Kaikai Kiki Co. is an art production and artist management company founded by the artist Takashi Murakami of Japan.

History with the Macy's Parade

When Macy's started the "Blue Sky Gallery" series of balloons in 2005, Mr. Murakami was one of a handful of artists Macy’s sought out. In 2008, Macy’s began communicating with Mr. Murakami, who in the global art scene is known as much for his inflatable sculptures of psychedelic anime-style cartoon characters as for the Louis Vuitton handbags and Casio watches he designs. At that time, however, he was preparing for a retrospective at the Brooklyn Museum and could not immediately contribute to the Parade.

Two years later in 2010, Mr. Murakami sent word that he wanted to create balloons of Kaikai and Kiki. In response to e-mailed questions, he explained that the characters “in many ways represent the aesthetic philosophy behind my work.”

“They are cute yet fearsome,” he wrote, “modern and yet connected to the past. They embody eccentric beauty.”

The Macy’s Parade Studio in Hoboken, N.J., had only a few months to work on the designs with Mr. Murakami. Of particular concern to John Piper, the vice president of the studio, was whether the balloonified characters, with their gigantic heads and teeny-tiny limbs, would be able to achieve what he called free lift — meaning, Mr. Piper said, “that there’s enough helium inside the balloon to not only compensate for its weight but to make it fly.”

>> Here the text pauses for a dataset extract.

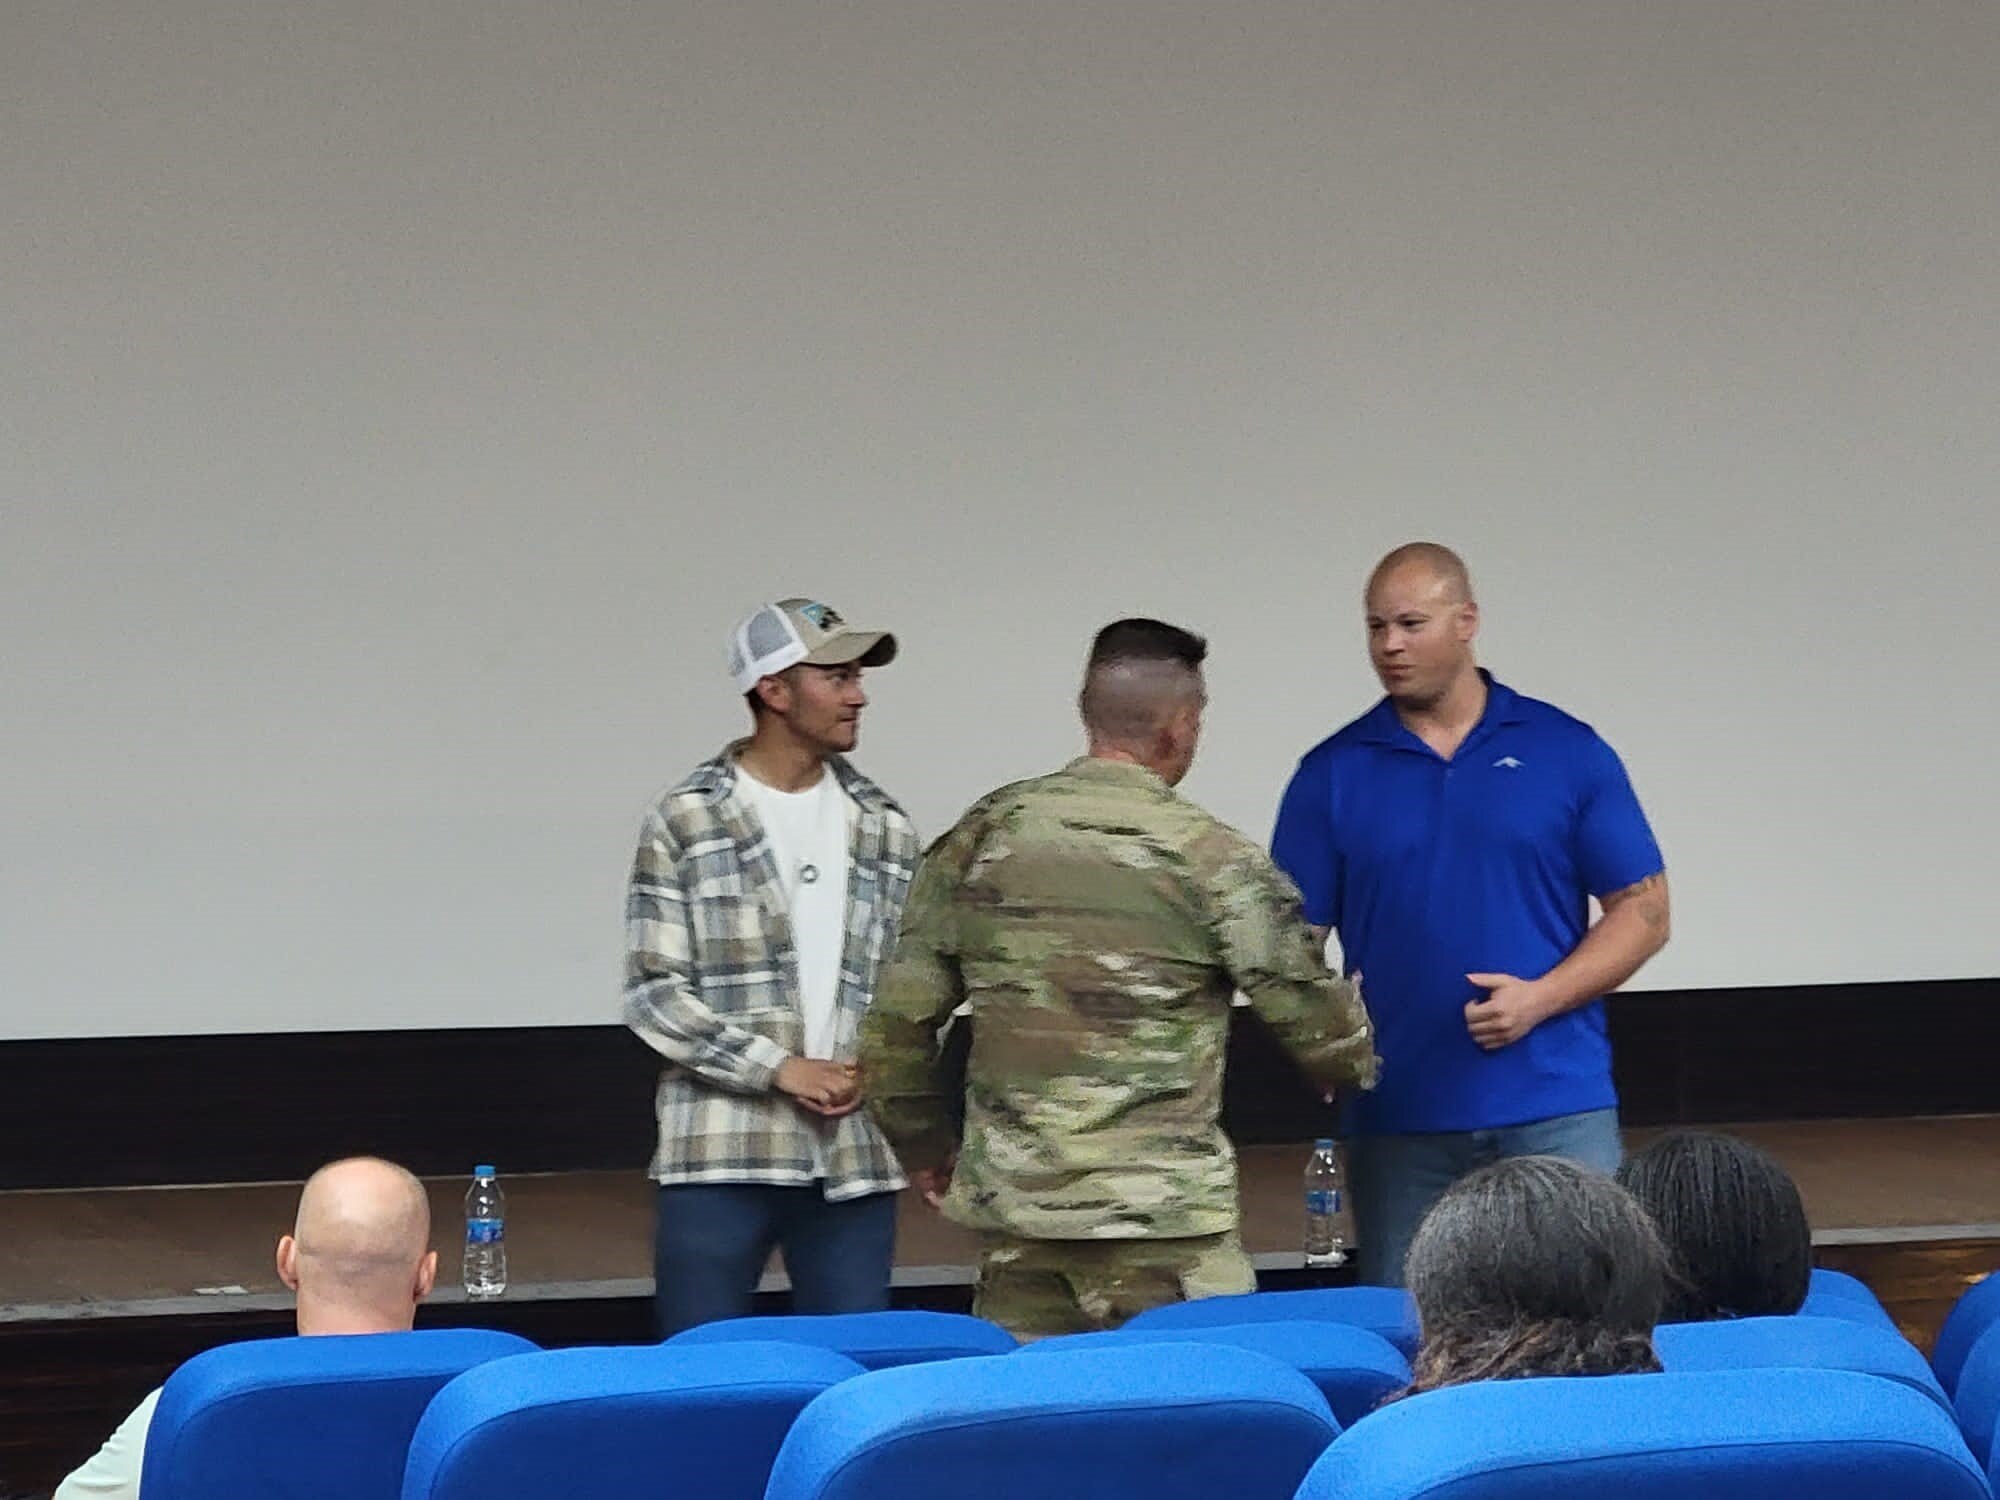 U.S. Air Force Staff Sgt. Kory Talbert accepts a challenge coin at an undisclosed location, July 23, 2022. He was coined in recognition of his contributions to the DOD Men's SAPR campaign, which trained and educated attendees to help male survivors of sexual assault. (Courtesy Asset)
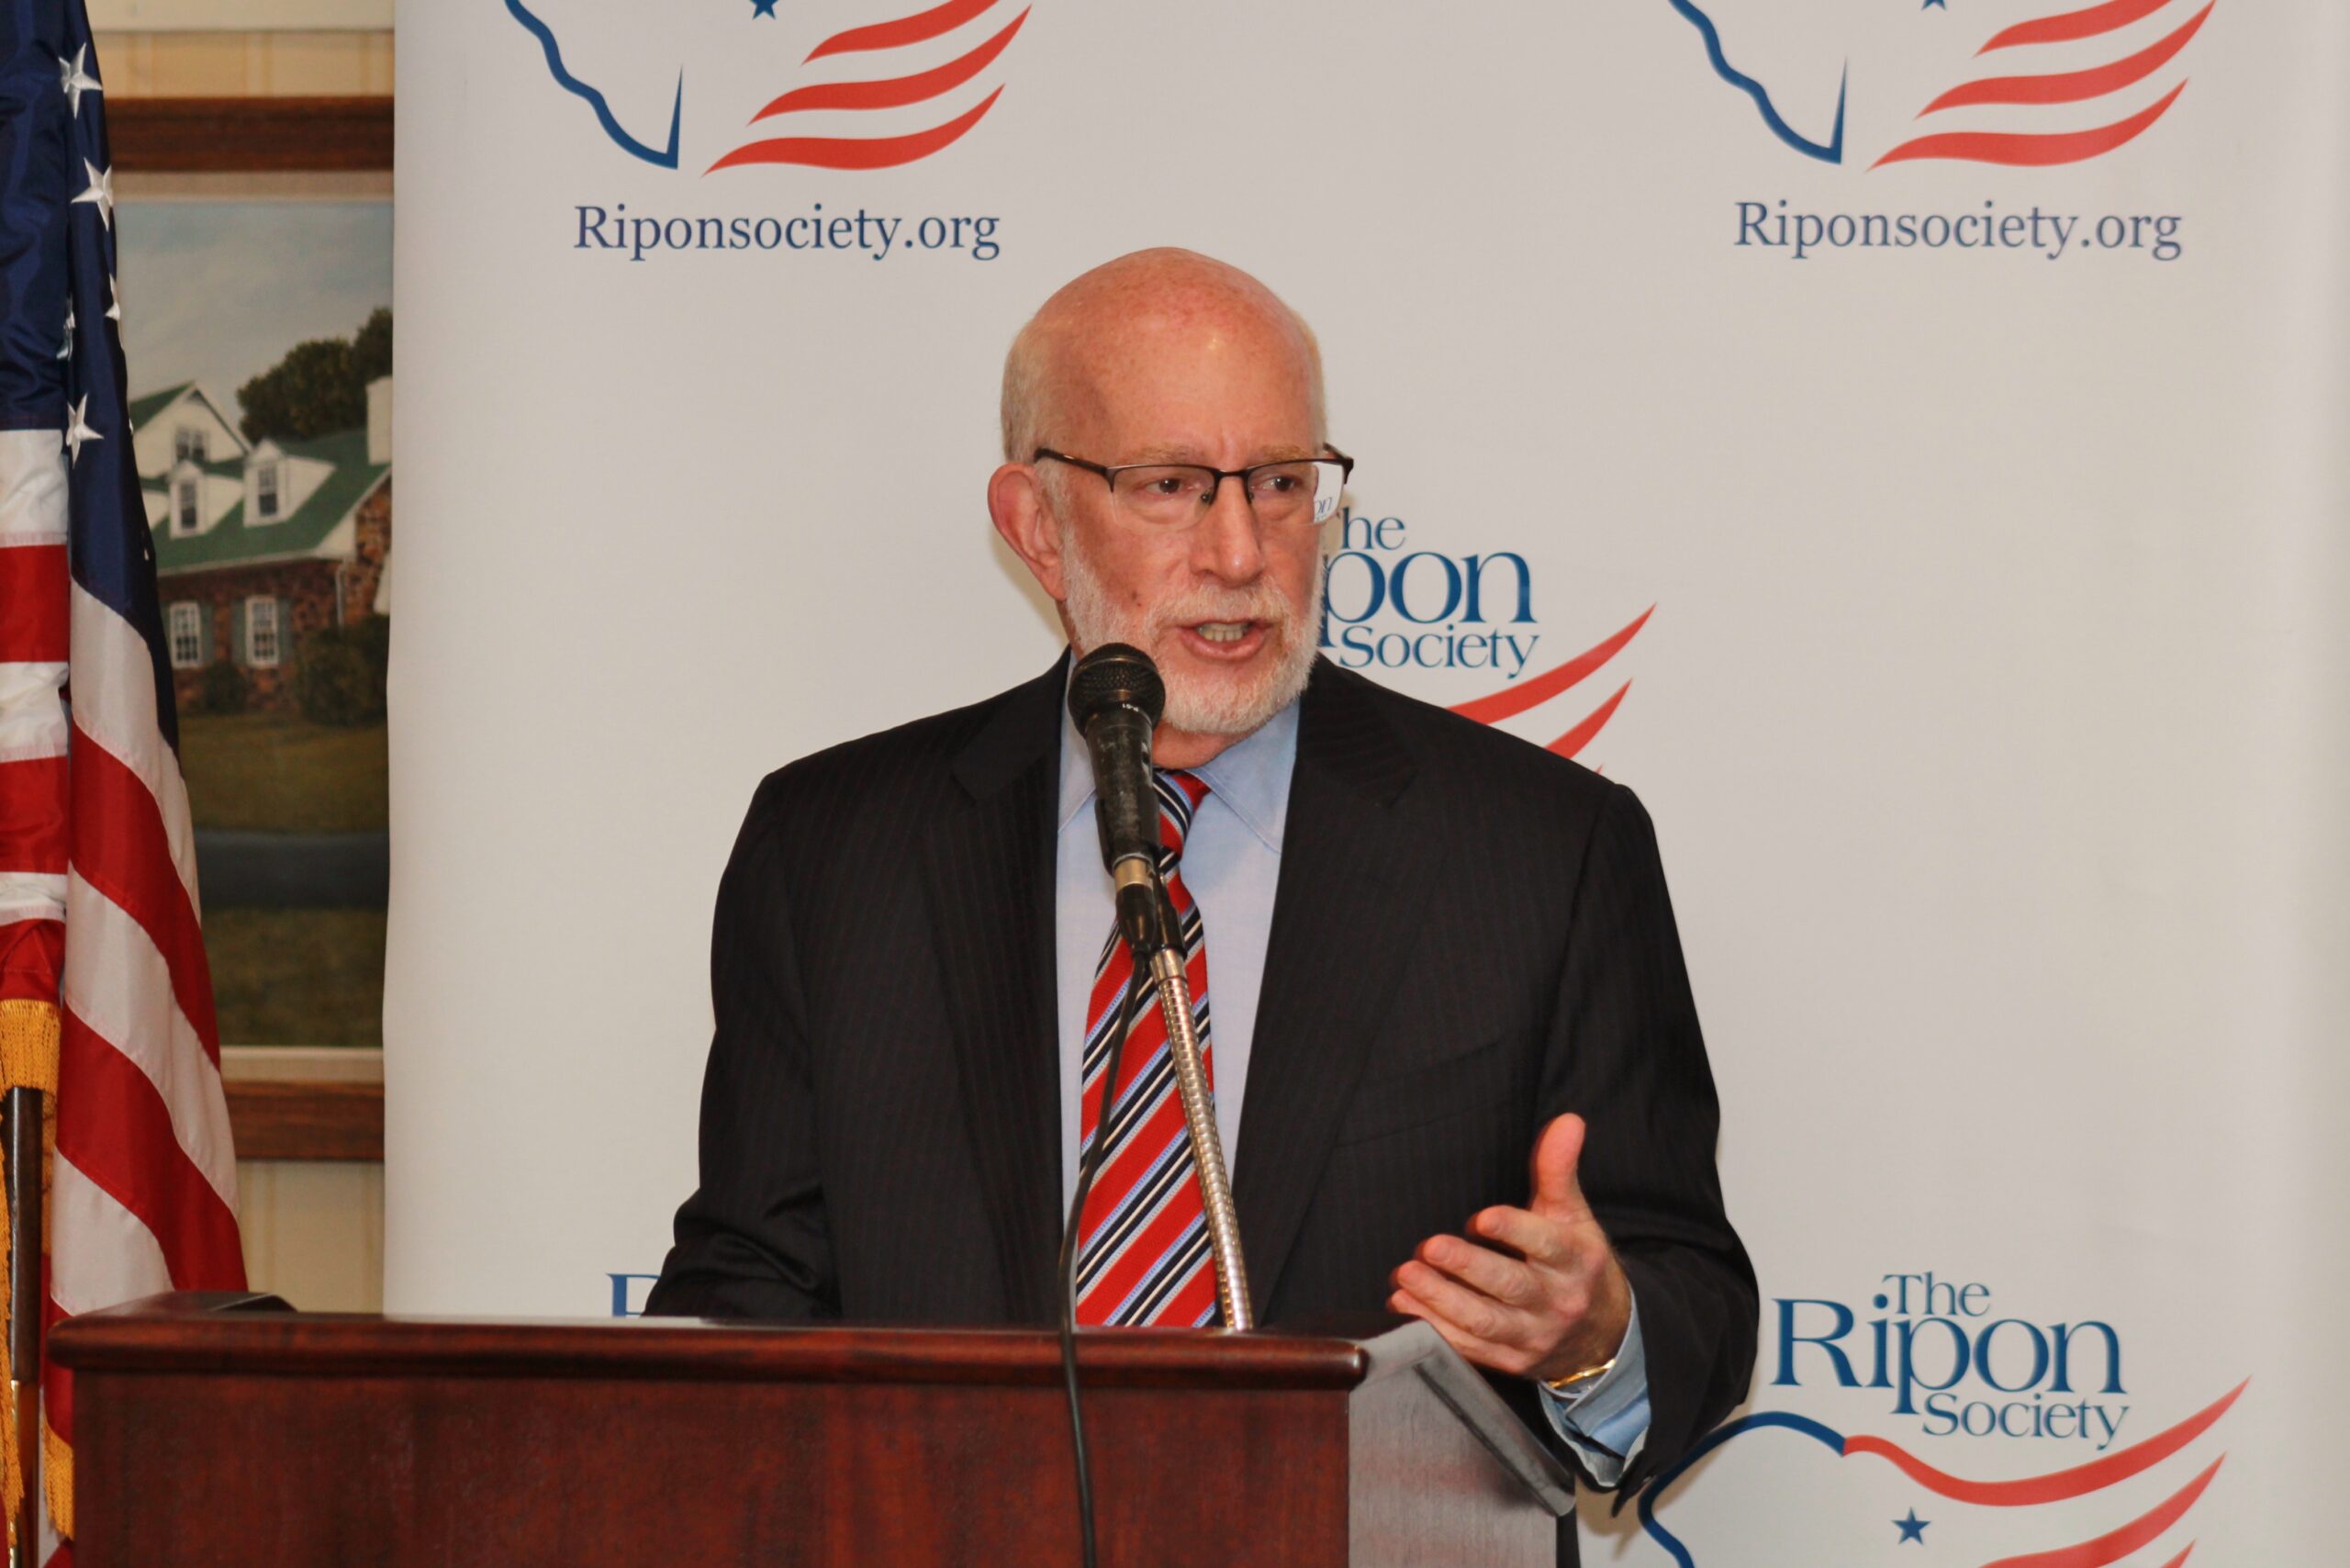 Ripon Society Holds Election Briefing with Veteran Attorney & Strategist Ben Ginsberg

At an accelerated pace John Piper and his team exchanged sketches with Mr. Murakami and his staff, and over the summer Mr. Piper chaperoned two small clay sculptures of the balloons on a trip to the artist’s Tokyo studio. (The sculptures, Mr. Piper said, traveled in “a very big, very sturdy piece of luggage, inside of which was a whole other steel structure to absorb any shock.”)

The completed balloons were flown for the first time in early November at a Macy’s testing facility in South Dakota, and made their first public appearance on a stretch of 81st Street, in the form of 30-foot balloons.

The balloons accompanied Takashi Murakami down the Parade route, who was dressed in a flower outfit of his own design. After their only flight, they were deflated and shipped back to the Macy's Parade Studio, where they still reside as of 2016.